Just like in animals, plant DNA encodes for the proteins a plant will need, and it requires thousands of genes to generate the machinery that carries out photosynthesis. To learn more about the genes involved in photosynthesis and exactly what they do, scientists at Princeton University have created an open-access library of mutant strains of a photosynthetic, single-celled alga. With this tool, the researchers identified 303 genes linked to photosynthesis, 21 of which are novel. The findings, which can provide new insight into this critical process, have been reported in Nature Genetics.
"The part of the plant responsible for photosynthesis is like a complex machine made up of many parts, and we want to understand what each part does," said Martin Jonikas, assistant professor of molecular biology at Princeton. "This library, we hope, will be one of the foundations that people will build on to make the next generation of discoveries."

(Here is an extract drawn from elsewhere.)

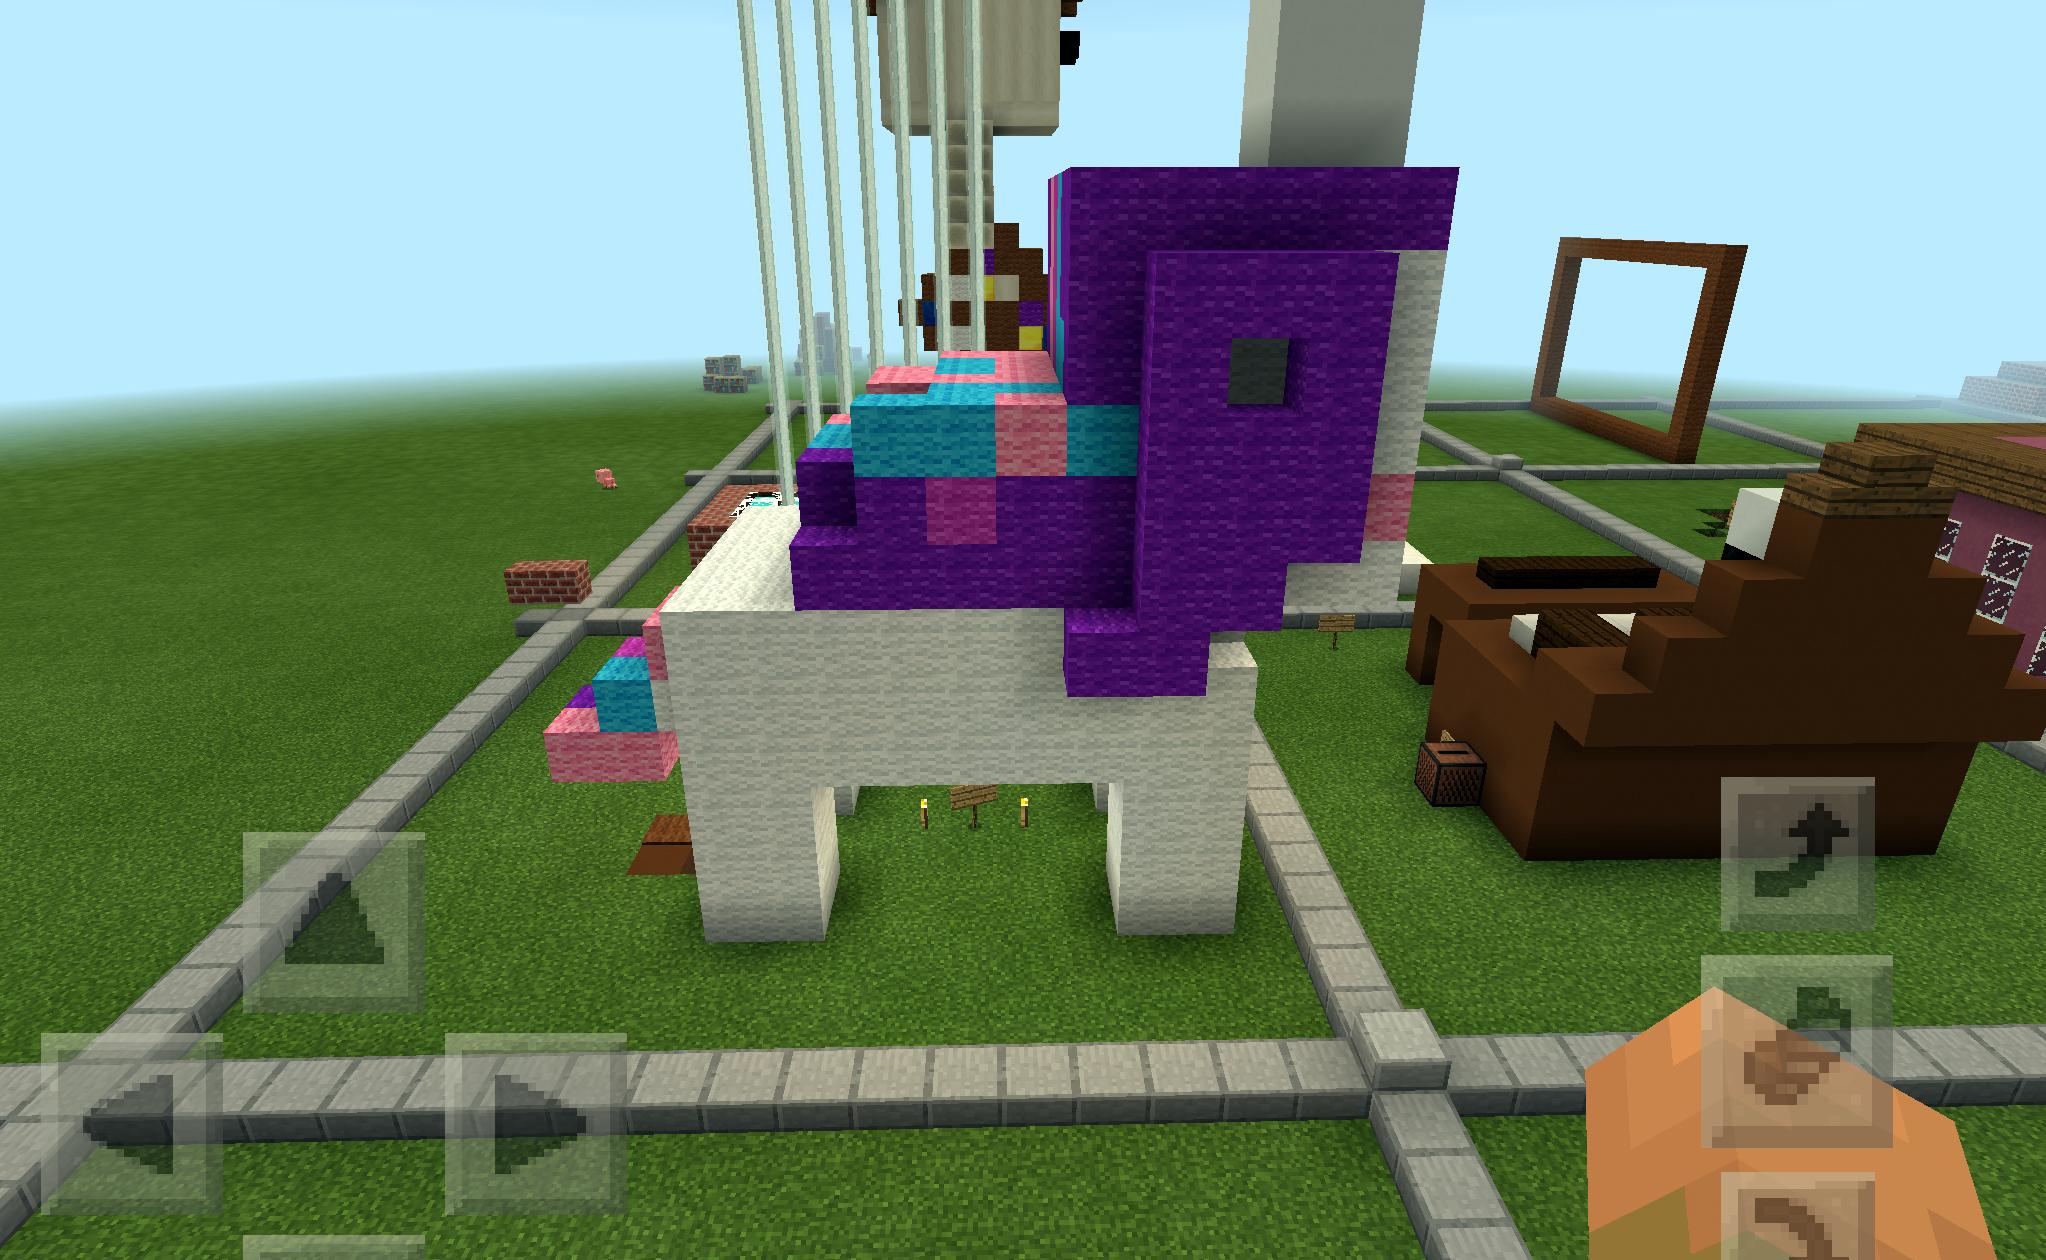 Meet Minecrafter Trini!

The library contains strains of Chlamydomonas reinhardtii, a pond algae, which each carry one genetic mutation. There are 62,000 strains in the library, with mutations in about 80 percent of Chlamydomonas genes. Deciphering the role of each gene could help scientists engineer plants that can absorb more carbon dioxide or that grow faster, which may be desperately needed on a planet with a growing population and changing climate. The library can also help reveal more about intracellular communication in plants, and the movement of Chlamydomonas, which is powered by a cilium.
This is the first library to be generated for a photosynthetic, single-celled organism, which is a great research tool. These rapidly growing organisms, which now exist in a mutant library, can be easily observed. If a mutated strain is grown and it has difficulty moving or performing some other process, that provides an important clue about the function of the mutated gene.
The strains in the library have also been labeled with a kind of barcode, so multiple strains can be tested at the same time. In this work, thousands of mutant strains were grown in one flask and exposed to light. It was hypothesized that strains that didn’t grow carried mutations in genes that were involved in photosynthesis.
"Because this algal species is often used as a model to understand a wider range of biological processes, this library will be an important resource," said Karen Cone, a program director at the National Science Foundation.
"It is our hope that the Chlamydomonas mutant library and the genes identified will lead to numerous fundamental discoveries in photosynthesis, cell motility, and many other processes,” said the first author of the work Xiaobo Li, who was a Princeton postdoctoral researcher at the time of the study.
"I believe the success of this project will greatly accelerate research into photosynthesis and other processes for which Chlamy is a good model, and provide a lot of value to the scientific community,” said Weronika Patena, a senior bioinformatics analyst in the Jonikas laboratory.